_THE DATA_
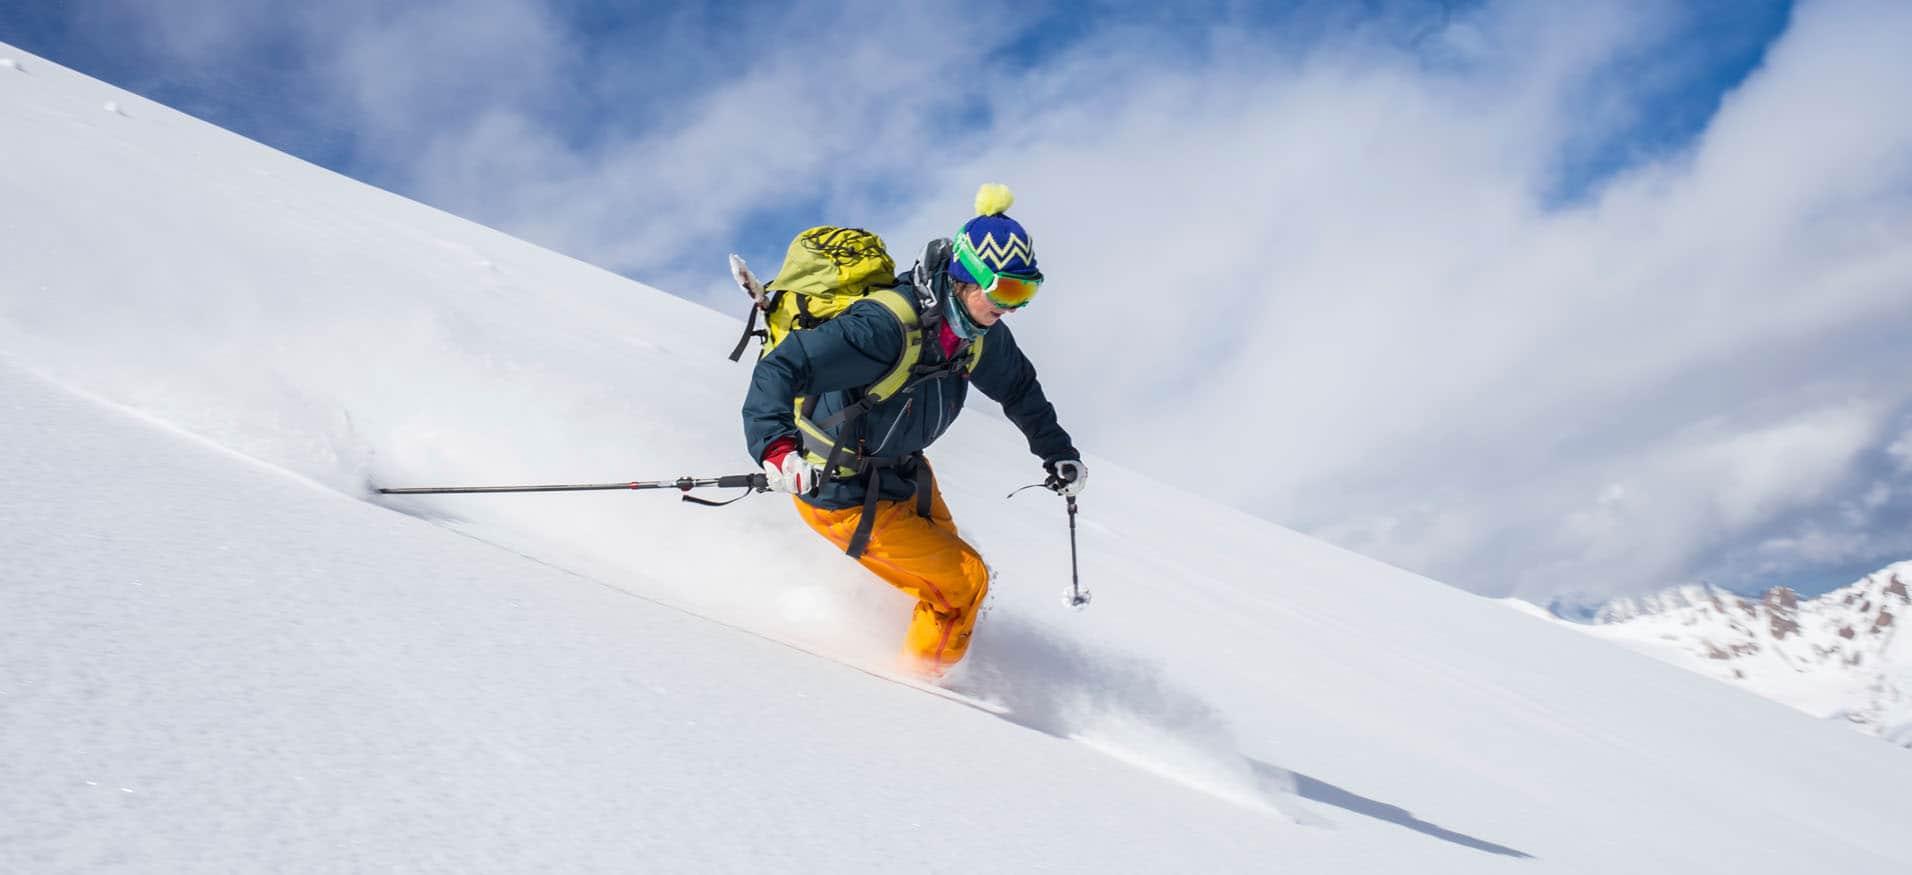 Easter Ski Hotel Holiday Offer
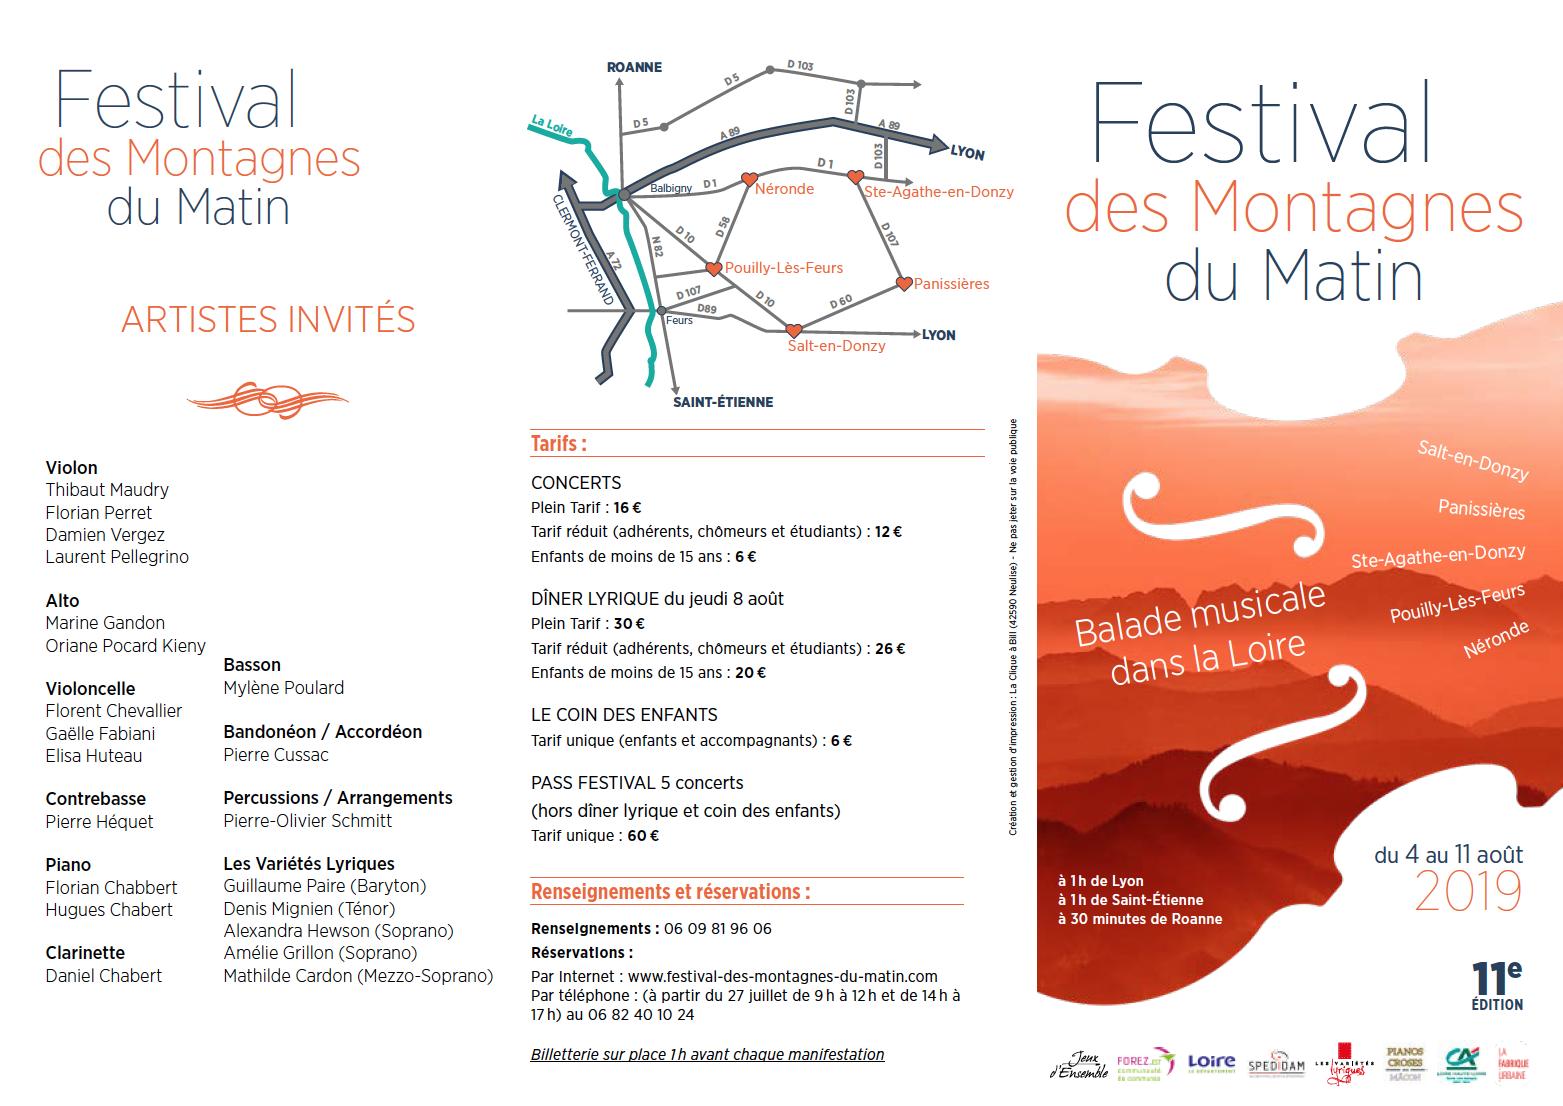 Plaquette recto du 11e Festival des Montagnes du Matin
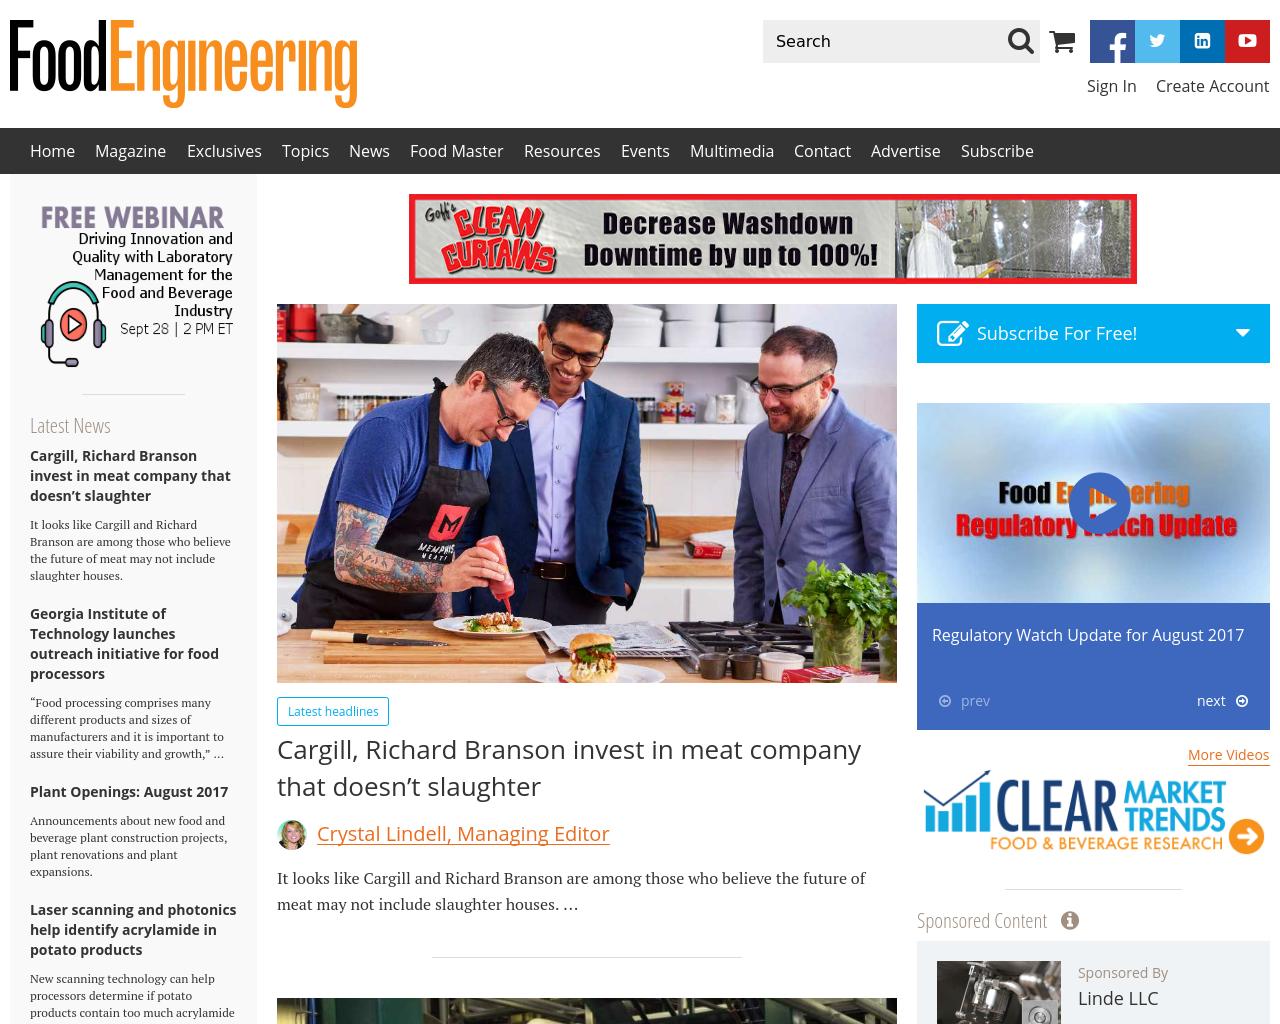 Food-Engineering-Mag-Advertising-Reviews-Pricing
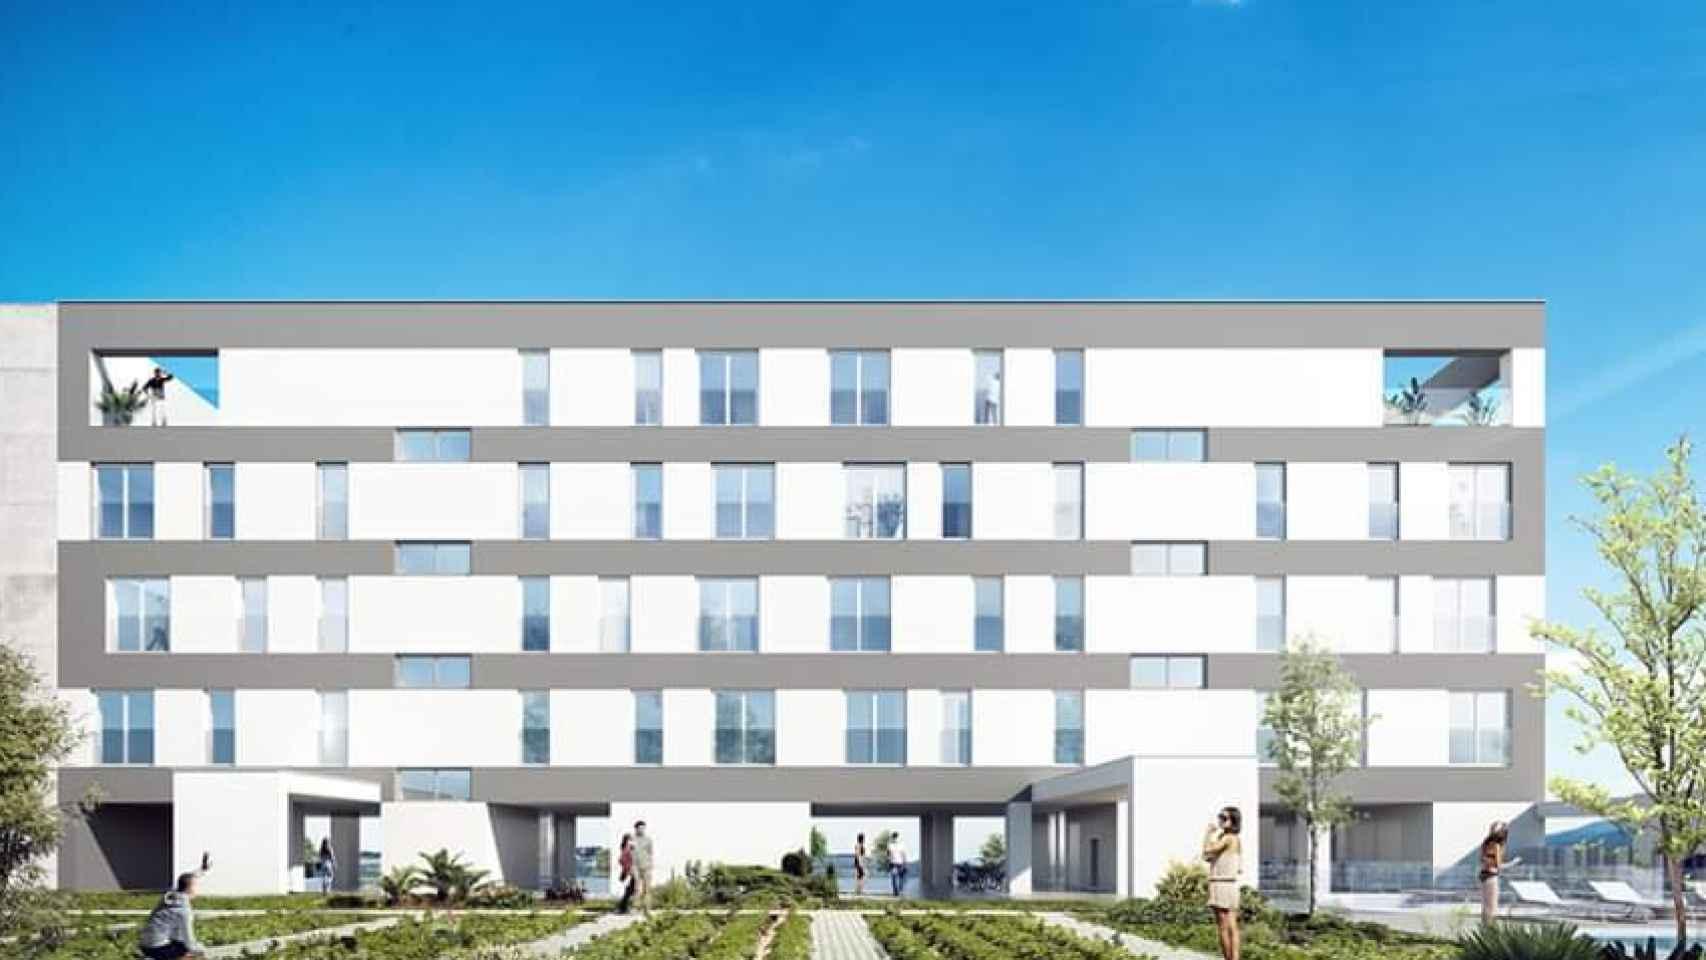 Promoción passivhaus diseñada por MDMV Arquitectos para Amenabar.

_WHAT YOU SHOULD DO_
Exclude the pictures from the copy. Retype exactly the lines running from the one containing "Plaquette recto du" through the last line of the listing.

_RESPONSE_
 Plaquette recto du 11e Festival des Montagnes du Matin
 Food-Engineering-Mag-Advertising-Reviews-Pricing
 Promoción passivhaus diseñada por MDMV Arquitectos para Amenabar.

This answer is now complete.